Chapter 3.3, Problem 55P

Two solid steel shafts (G = 77.2 GPa) are connected to a coupling disk B and to fixed supports at A and C. For the loading shown, determine (a) the reaction at each support, (a) the maximum shearing stress in shaft AB, (c) the maximum shearing stress in shaft BC.

Fig. p3.55

To determine

The reaction at the supports.

Answer to Problem 55P

The reaction at the supports are $\underset{\_}{1,105\text{N}\cdot \text{m}}$ and $\underset{\_}{295\text{N}\cdot \text{m}}$.

Explanation of Solution

Given information:

The modulus of rigidity of solid shafts is $77.2\text{GPa}$.

Calculation:

The radius of the shaft AB is $c=25\text{mm}$.

The polar moment of inertia of shaft AB of radius $c$ is,

$\begin{array}{c}{J}_{AB}=\frac{\pi }{2}{c}^4\\ =\frac{\pi }{2}{\left(25\text{mm}\right)}^4\\ =6.1359\times {10}^5{\text{mm}}^{\text{4}}\\ =6.1359\times {10}^{-7}{\text{m}}^{\text{4}}\end{array}$

The torque carried by the shaft AB $\left(T_{AB}\right)$ is expressed as shown below:

$T_{AB}=\frac{G{J}_{AB}}{L_{AB}}{\varphi }_B$ (1)

Here, $G$ is the modulus of rigidity, ${\varphi }_B$ is angle of twist at B, and $L_{AB}$ is the length of the shaft AB.

Substitute $77.2\text{GPa}$ for G, $6.1359\times {10}^{-7}{\text{m}}^{\text{4}}$ for $J_{AB}$, and 200 mm for $L_{AB}$ in Equation (1).

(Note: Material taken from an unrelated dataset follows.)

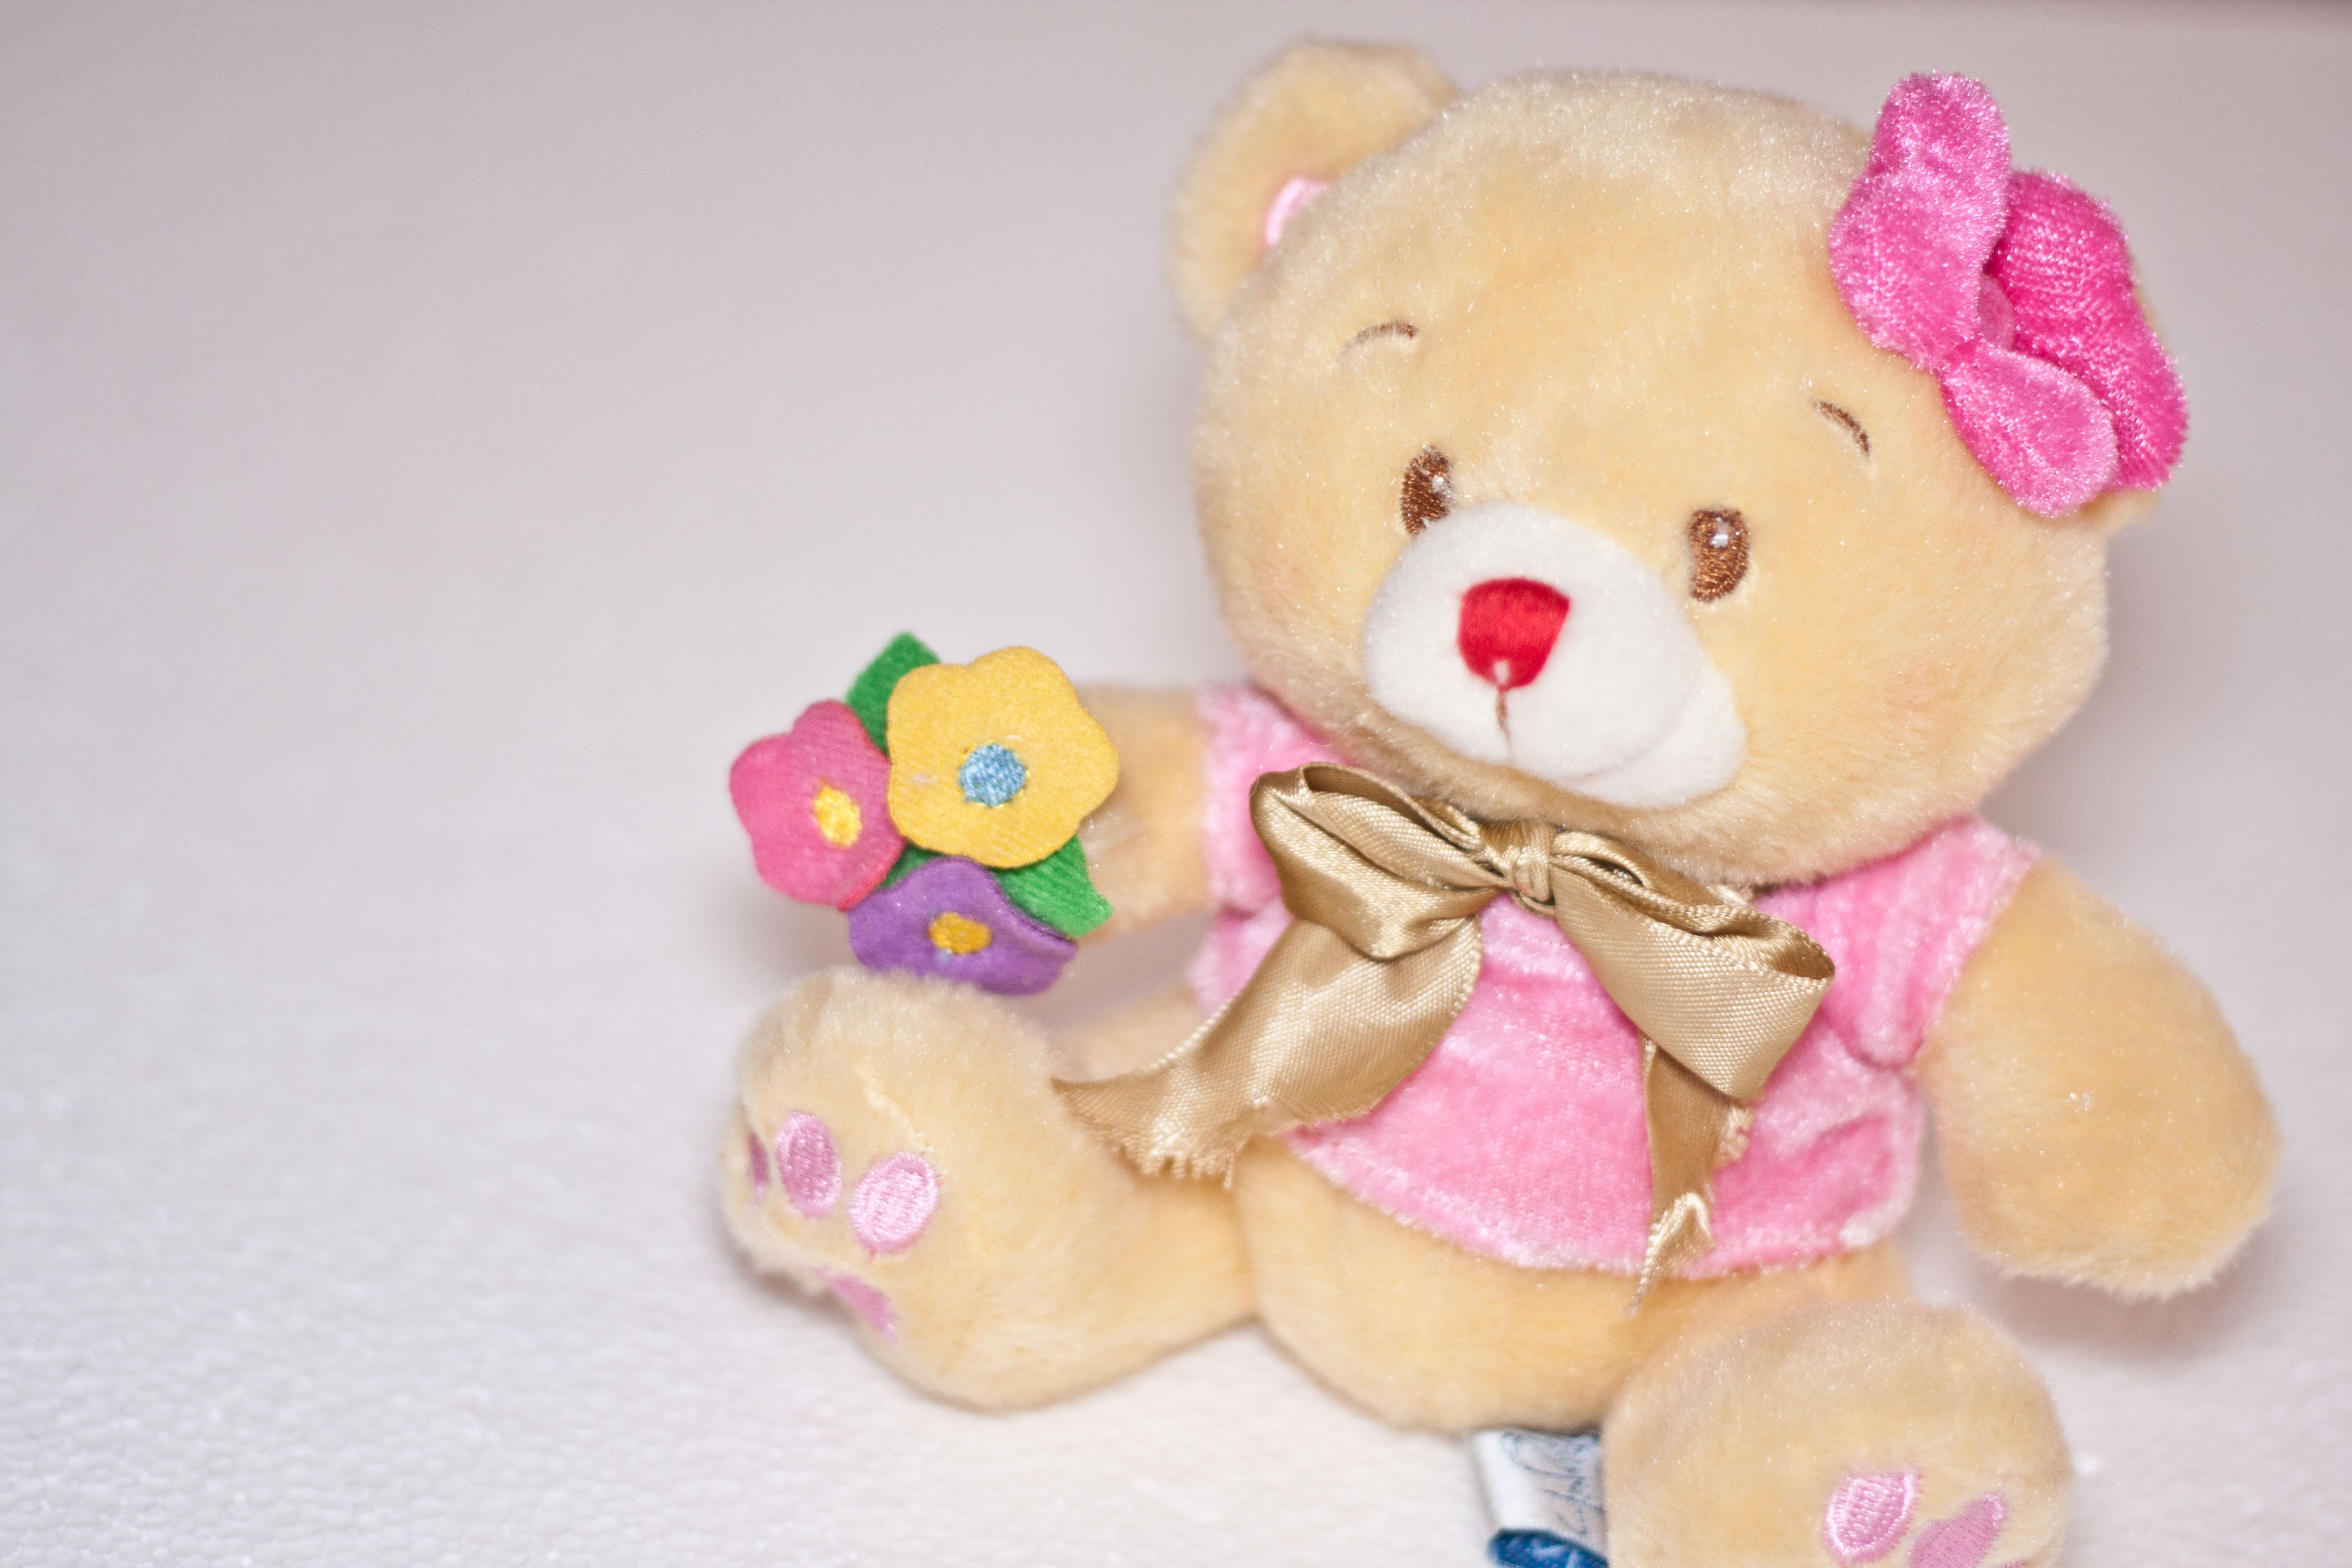 How To Choose A Teddy Bearsteps - Teddy Bears Images Free Download - HD Wallpaper 
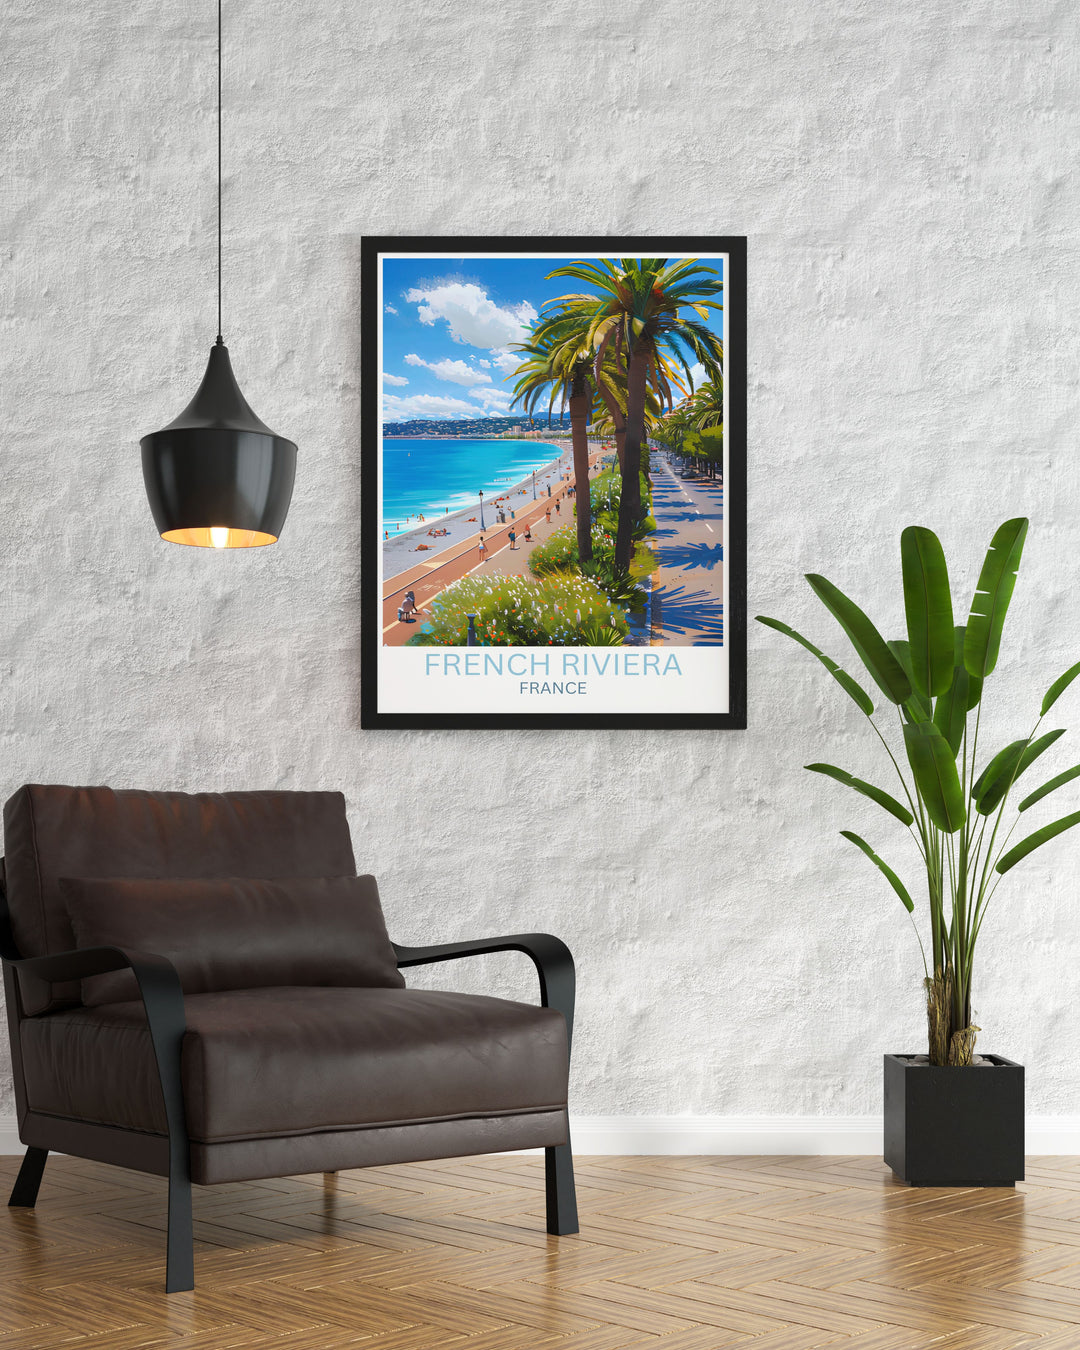 Custom print of the French Riviera tailored to client preferences, showcasing the elegant coastline and vibrant street scenes

$\begin{array}{c}{T}_{AB}=\frac{\left(77.2\text{GPa}\right)\left(6.1359\times {10}^{-7}{\text{m}}^{\text{4}}\right)}{200\text{mm}}{\varphi }_B\\ =\frac{\left(77.2\text{GPa}\times \frac{{10}^9\text{Pa}}{1\text{GPa}}\right)\left(6.1359\times {10}^{-7}{\text{m}}^{\text{4}}\right)}{200\text{mm}\times \frac{{10}^{-3}\text{m}}{1\text{mm}}}{\varphi }_B\\ =236.8457\times {10}^3{\varphi }_B\end{array}$ (2)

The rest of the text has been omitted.